Step 2: Provide Job IDs

The Await component needs to know which background jobs to monitor. You must provide the JobIDs from one or more Async components.

InputRequired?DescriptionNotes
JobsYesAn array of JobID strings returned by the Async component.You can pass a single JobID or a list of them.
Passing Job IDs

The Jobs input expects an array. If you are awaiting a single job, pass its JobID like [{{async.JobID}}]. If you are awaiting multiple jobs, you will need to collect the JobIDs into an array first.

Step 3: Handle the Results

Once the wait conditions are met, the Await component outputs the results from all the completed jobs it was monitoring.

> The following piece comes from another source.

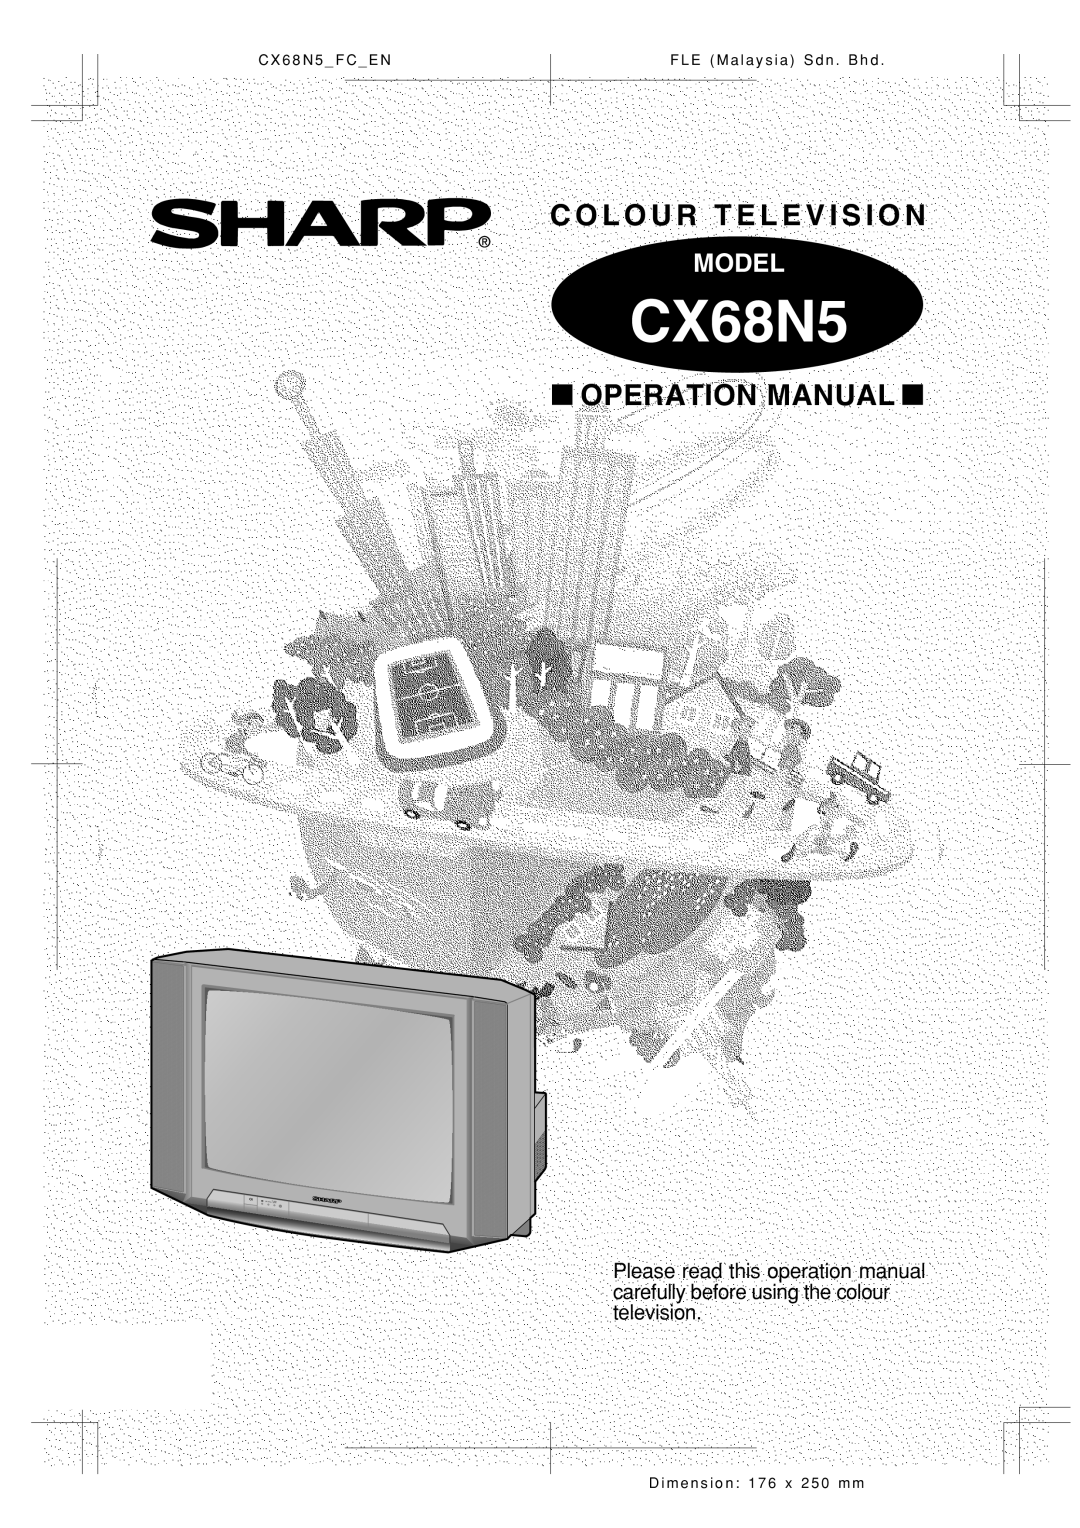 Sharp Cx68n5 operation manual C O L O U R T E L E V I S I O N, Operation Manual, CX68N5, Model

OutputDescriptionData Structure
ResultsAn array containing the full output objects from each completed async job.[{ "jobId": "...", "output": { ... } }, { ... }]
// Example Results Output
[
{
"jobId": "job_12345",
"output": {
"status": "completed",
"processed_data": { "key": "value" }
}
},
{
"jobId": "job_67890",
"output": {
"status": "completed",
"processed_data": { "another_key": "another_value" }
}
}
]
Accessing Data

To access data from the first result, you would use an expression like Results[0].output.processed_data.

Best Practices

  • Set a Realistic Timeout: Always configure the Maximum Wait Time to a reasonable value to prevent your workflow from getting stuck indefinitely.
  • Handle Partial Results: If your workflow might time out before all jobs are complete, add a Condition block after Await to check if Results.length matches the number of jobs you expected.
  • Use for User-Facing Workflows: Await is perfect for scenarios where a user is actively waiting for a result, such as data processing or report generation.
  • Combine with For Each: After awaiting multiple jobs, use a For Each Loop to process the Results array.

Troubleshooting Tips

If Await isn't working...
  • Check the JobID: Ensure you are passing the correct JobID variable from the Async component. It should be a string or an array of strings.
  • Inspect Async Job Logs: If Await times out, the problem is likely in the background job itself. Go to Agent Settings > Logs to find and debug the async workflow's execution log. Await can only get results from jobs that complete successfully.
  • Verify Data Structure: The Results output is always an array, even if only one job completes. Make sure your downstream logic handles an array (e.g., accessing Results[0]).
  • Increase Maximum Wait Time: If the async job is simply taking longer than expected, try increasing the Maximum Wait Time.

What to Try Next

  • Use a Code Component after Await to parse the Results array and transform it into a more usable format.
  • Feed the output from Await into a GenAI LLM Component to summarize the results from multiple background jobs.
  • Add a Condition block to check for empty Results and handle cases where no jobs were completed before the timeout.